Excluding images, repeat the data exactly as given.

(Provided material)

BEGIN

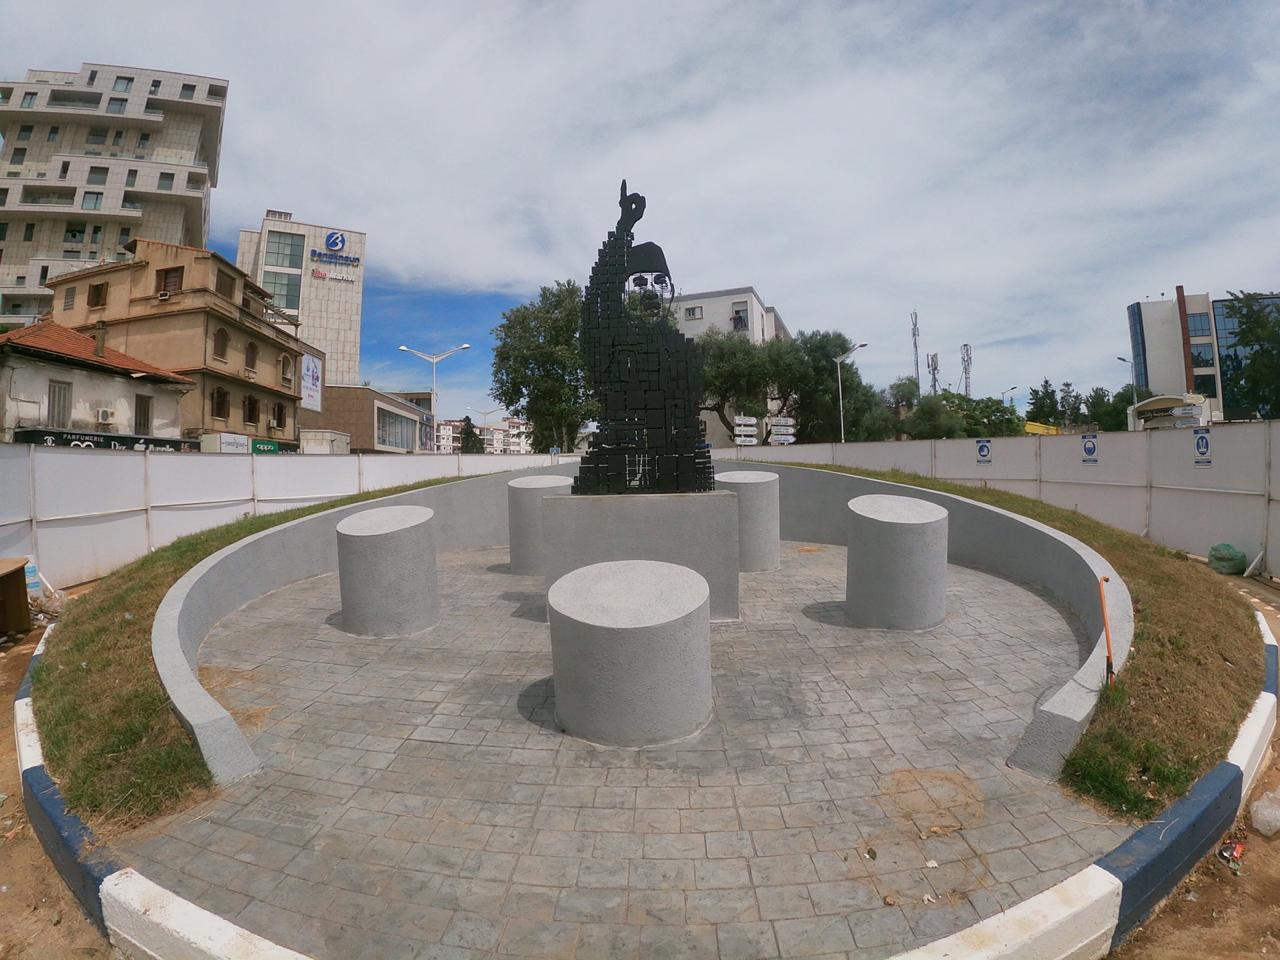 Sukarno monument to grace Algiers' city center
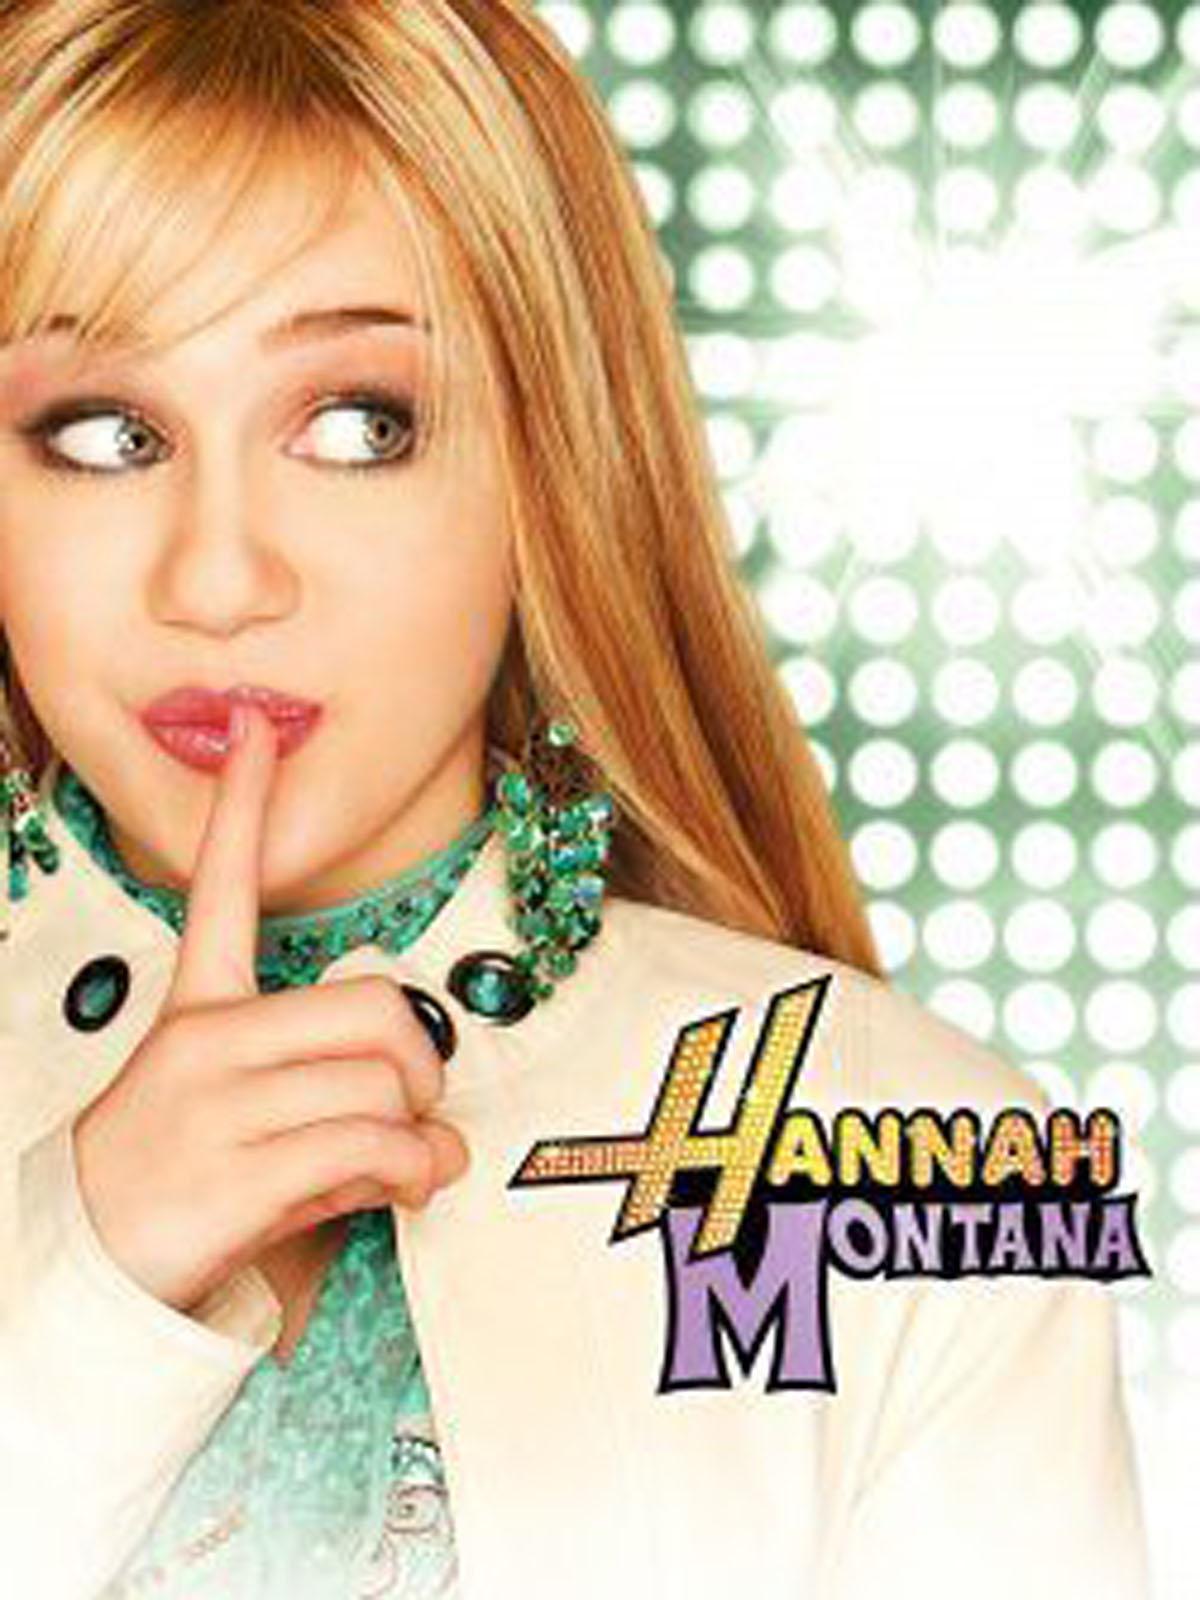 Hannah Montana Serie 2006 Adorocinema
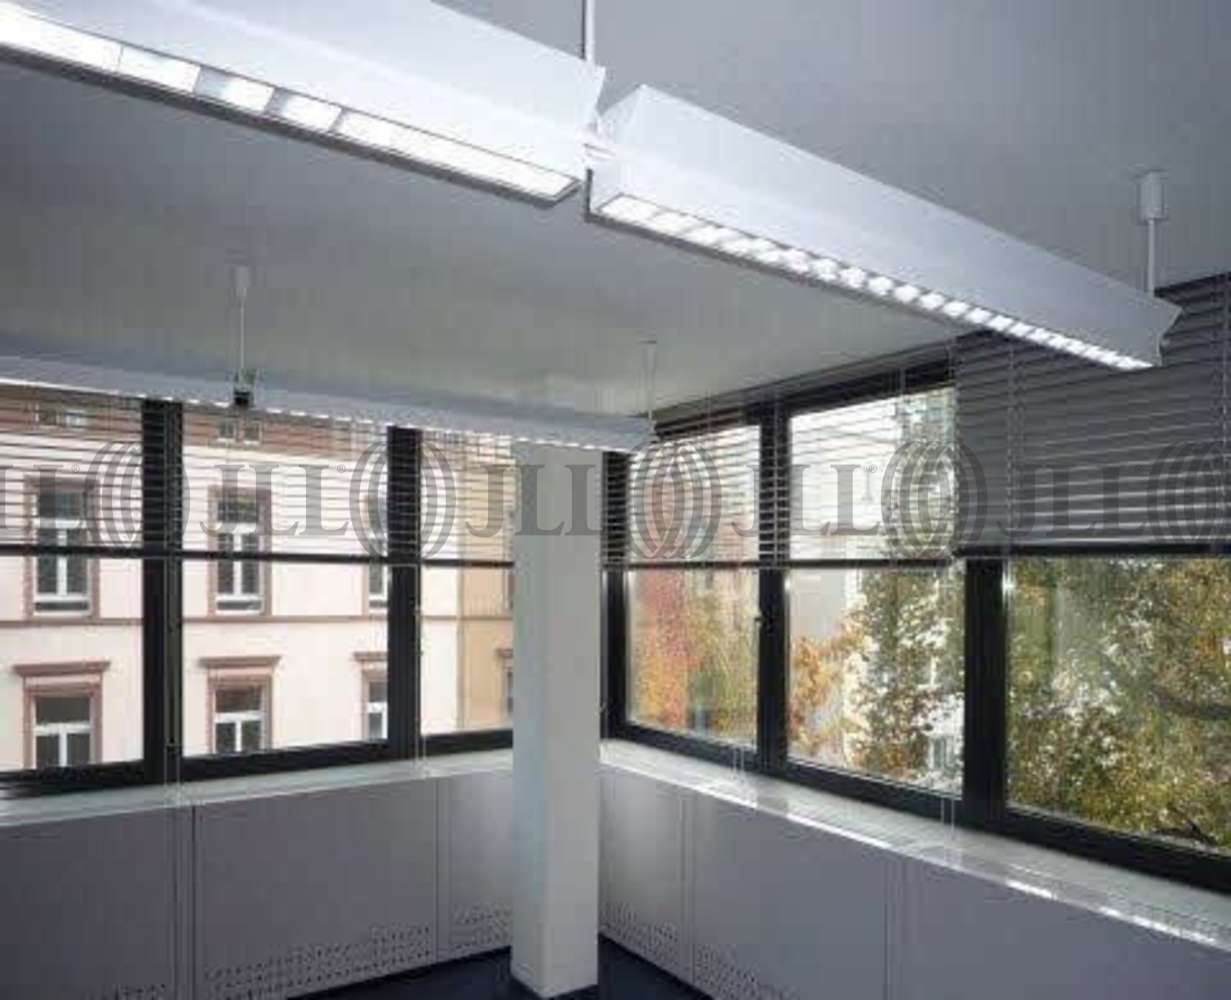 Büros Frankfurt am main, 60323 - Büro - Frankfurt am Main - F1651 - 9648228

END

(Response to the task)
 Sukarno monument to grace Algiers' city center
 Hannah Montana Serie 2006 Adorocinema
 Büros Frankfurt am main, 60323 - Büro - Frankfurt am Main - F1651 - 9648228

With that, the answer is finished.